I have an audit table that is structured as follows:
id customer field status timestamp 1 37399262 phone successful 2020-10-08 20:16:39 2 37399262 website failed 2020-10-08 20:16:39 3 37399262 website failed 2020-10-09 21:25:22 4 37399262 website successful 2020-10-10 09:08:35
This table is tracking whether we were able to successfully source a particular data point for a customer.
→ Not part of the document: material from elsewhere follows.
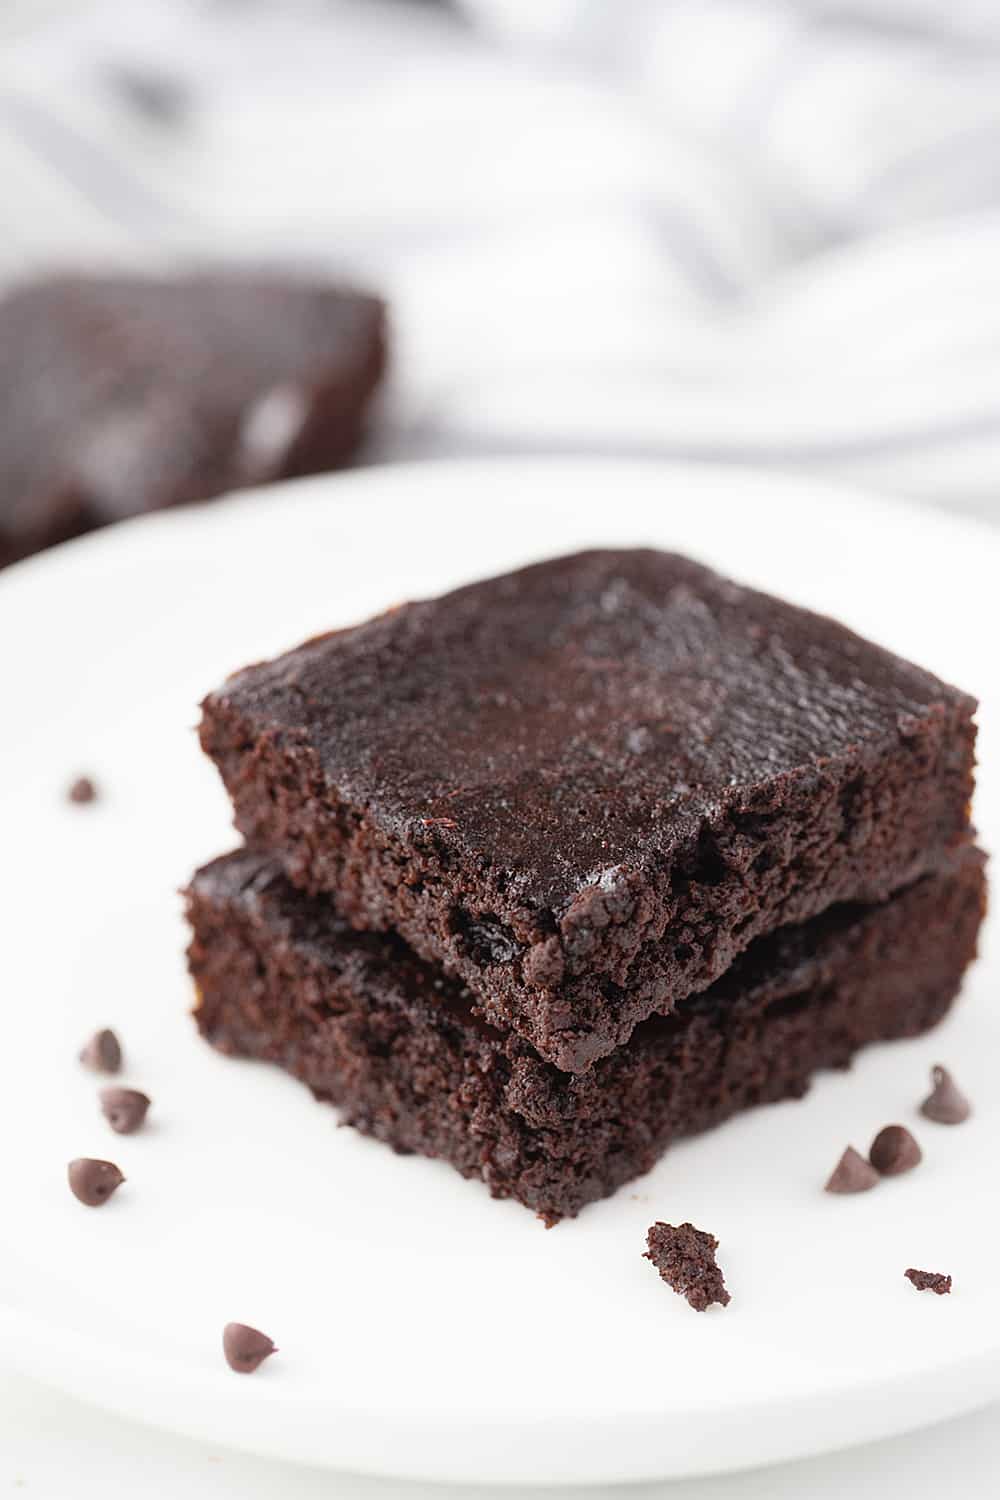 Gluten-Free Brownies: These fudgy, flourless gluten-free brownies are so rich and chocolaty, it's hard to believe they're less than 150 calories a serving! #brownies #glutenfree #flourless #flourlessbrownies #glutenfreebrownies #glutenfreedessert #baking #healthyrecipe #chocolate #halfscratched

Sometimes we are able to find the data on the first attempt, and you know this because there was no entry with a status of failed, the first occurrence of a particular field was tagged successful (e.g. phone
)
Other times, we fail to find the data point on the first n searches but eventually are able to find it. You know this because are one or more entries with a status of failed, then later a status of successful (e.g. website
).
I am having trouble writing a MySQL query that would only select the fields where we previously failed to find the data point but then were able to find it.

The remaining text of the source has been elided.